I agree! That could be a very nice feature. I will consider adding it in the future. In the meantime, PRs are welcome on this.

jsvine avatar Apr 08 '20 01:04 jsvine

@greddyatpt 解决了没有

andlike avatar Jul 13 '20 02:07 andlike

Sorry, I deal with Chinese PDFs but don't know Chinese. Google says 解决了没有 means "Solved". Are you saying the feature is implemented?

ghost avatar Jul 13 '20 04:07 ghost

抱歉,我处理中文PDF但不懂中文。Google说解决了没有的意思是“已解决”。您是说该功能已实现吗?

Have you implemented this function? Make the text extracted from the table contain the following information: text、fontname 、size、adv 、upright 、height 、width 、x0、x1、 y0 、y1、top 、bottom、doctop 、object_type

zhushiyuan-star avatar Mar 31 '21 09:03 zhushiyuan-star

Sorry, I deal with Chinese PDFs but don't know Chinese. Google says 解决了没有 means "Solved". Are you saying the feature is implemented?

“解决了没有” = "解决了没有?" = “Has this feature been implemented?”

wind-chh avatar Apr 01 '21 00:04 wind-chh

抱歉,我处理中文PDF但不懂中文。Google说解决了没有的意思是“已解决”。您是说该功能已实现吗?
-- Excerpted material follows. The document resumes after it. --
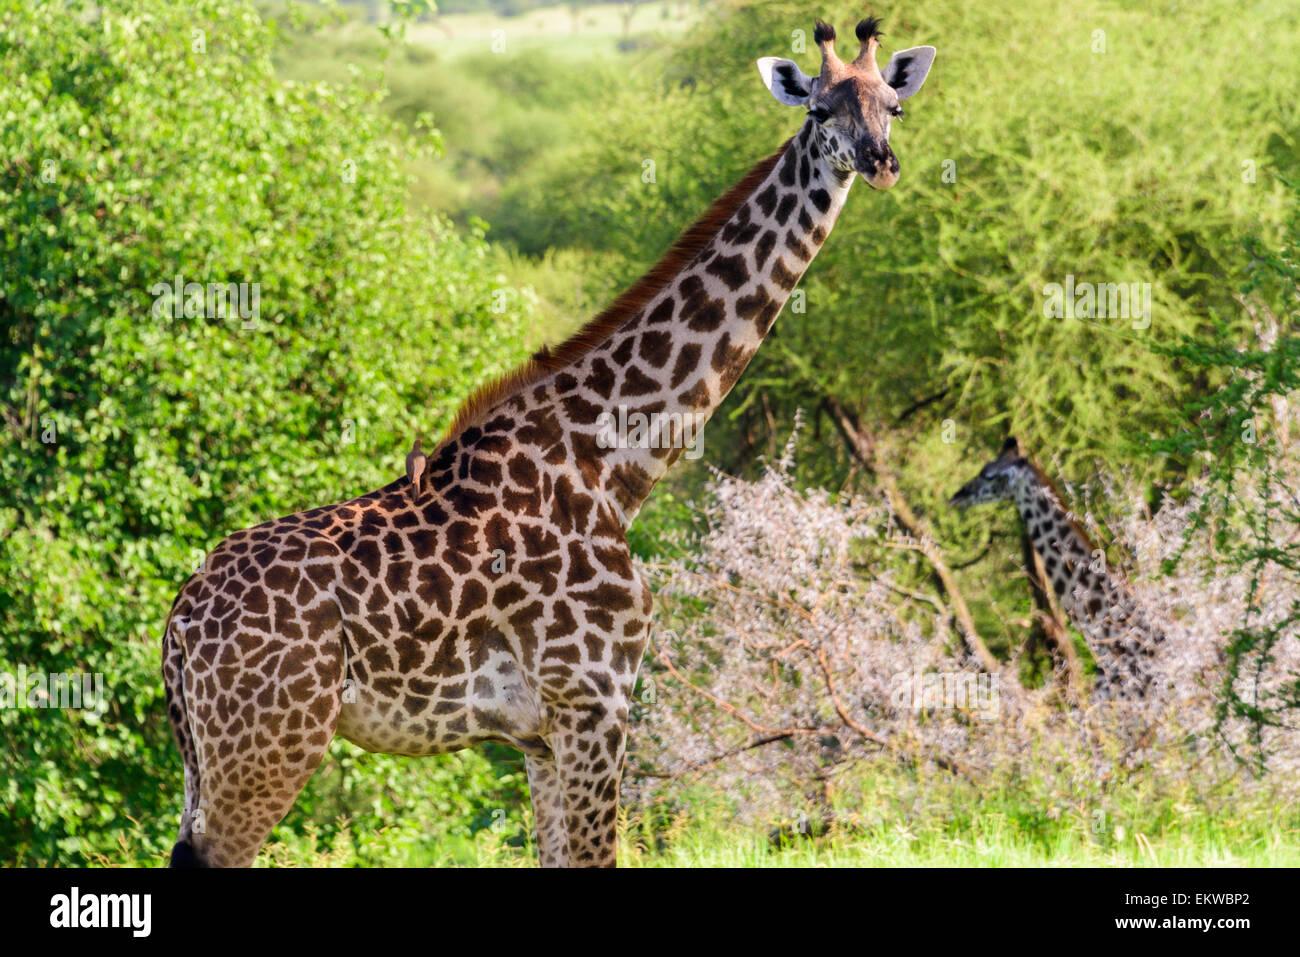 Giraffa camelopardalis Portrait de girafe Parc national de Tarangire, Manyara Région, la Tanzanie, l'Afrique. Photo Stock

Have you implemented this function? Make the text extracted from the table contain the following information: text、fontname 、size、adv 、upright 、height 、width 、x0、x1、 y0 、y1、top 、bottom、doctop 、object_type

these informations (text, fontname, size, ...) associated with chars of page. Page.extract_table() returns only text information, you can make a slight modify to return chars which contains all these informations.

wind-chh avatar Apr 01 '21 00:04 wind-chh